Republicans, who control Congress and the White House, could not afford to lose more than three from their ranks on the committee for it to pass.

"I don't think we are anywhere near passage," Brat said after the vote, noting that Republican conservatives as well as moderates had problems with the bill.

The 2010 Affordable Care Act, the signature legislative achievement of former President Barack Obama, enabled about 20 million previously uninsured Americans to obtain medical coverage. About half of those were through the law's expansion of eligibility and increased funding for the Medicaid government health insurance program for the poor.

The close vote illustrated the problems Republican leaders may encounter in corralling enough votes in their party to win passage on the House floor amid unified Democratic opposition. The measure now goes to the Rules Committee before reaching the House floor.

The Congressional Budget Office, a nonpartisan congressional agency, forecast on Monday that the legislation would increase the number of Americans without health insurance by 24 million by 2026, while cutting $337 billion from federal budget deficits over the same period. The bill faces opposition from leading healthcare providers, including doctors and hospitals.

"We are on track and on schedule," House Speaker Paul Ryan, who unveiled the legislation last week and is its chief champion in the House, said after the committee's vote. He added that while the main parts of the bill "are going to stay exactly as they are," Republicans were making unspecified "improvements and refinements."
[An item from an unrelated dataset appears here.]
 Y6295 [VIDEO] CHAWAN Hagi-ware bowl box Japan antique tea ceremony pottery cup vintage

Ryan told a news conference that Trump was "deeply involved" and "helping bridge gaps" among Republican lawmakers to get a consensus plan.



'CONSTITUENCY OF ONE'

Conservatives were unmoved. "There's no natural constituency for this bill," said Republican Representative Raul Labrador, another Freedom Caucus member.
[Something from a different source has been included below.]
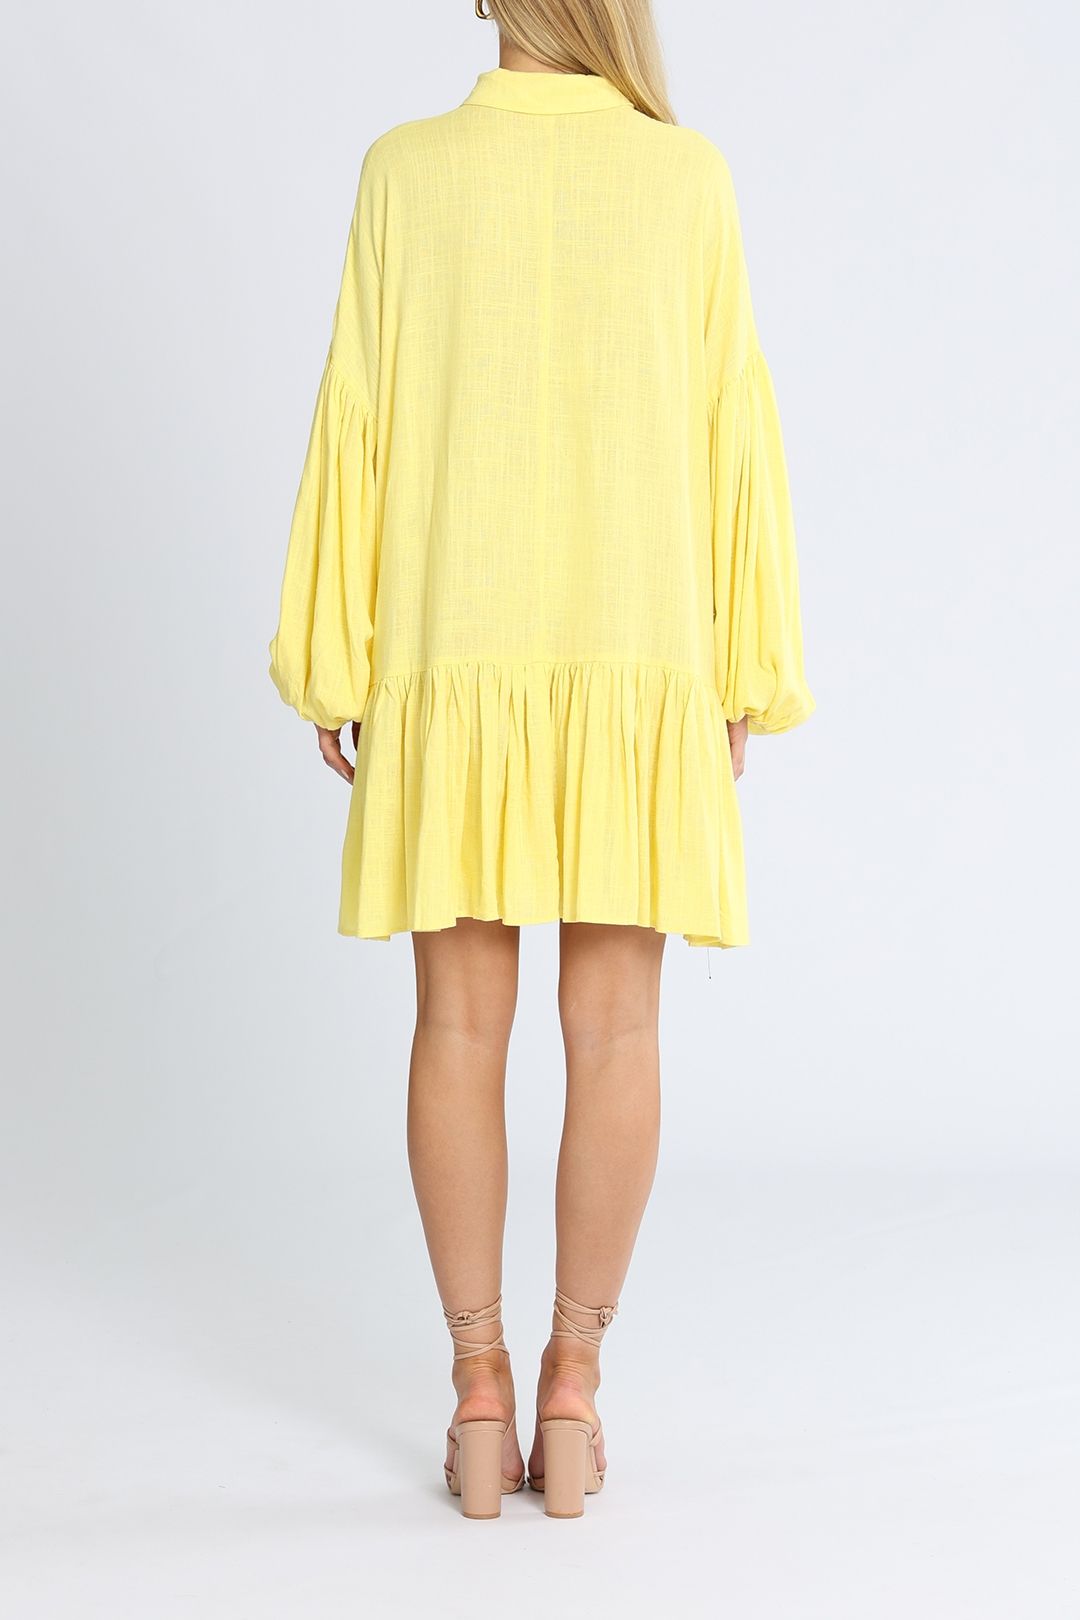 Bohemian Traders Mini Shirt Dress Yellow Long Seeve

"The Left is really mad about it. The Right is really mad about it. The middle is really mad about it. And so far it just seems to be a constituency of one, which is Washington insiders, people that are just trying to get something passed so they can get to the next issue."

Trump administration officials and House Republican leaders have said they hope to get the bill to the House floor by the end of the month so it can go to the Senate before lawmakers' mid-April recess.

Conservatives want a quicker end to the Obamacare Medicaid expansion, which the bill has set for 2020, and want to add work requirements for some Medicaid recipients. They also call the age-based tax credits to help people buy insurance on the open market an unwise new entitlement.

The White House said it was discussing changes with House Republican leaders. Trump told a Fox News interviewer on Wednesday that much of the bill would still be negotiated, especially as it moves from the House to the Senate.

Conservative advocacy groups praised the Republicans who voted "no." Club for Growth President David McIntosh said it makes no sense for Ryan and Budget Committee chair Diane Black to force Republicans "to walk the plank and vote for a bad bill that they've already admitted needs to be changed."

Black asked fellow Republicans who had doubts not to "cut off the discussion" by voting no.

After approving the legislation, the panel adopted four non-binding Republican recommendations for changes before it moves to the House floor, including one by the conservative Palmer on adding work requirements for able-bodied, childless Medicaid recipients.

The other recommendations called for no longer encouraging people to sign up for insurance through Medicaid, giving states more flexibility in designing Medicaid programs, and changing the bill's tax credits to help lower-income people more.

Democrats have called the Republicans' plan a blow to the elderly and the poor while giving tax cuts to the rich.

Representative John Yarmuth, the committee's top Democrat, said the legislation was "not a healthcare bill; it is an ideological document." He said the bill imagined a "fantasy land where young people don't get sick, and apparently they don't grow old either, because they don't have to worry about being priced out of the market."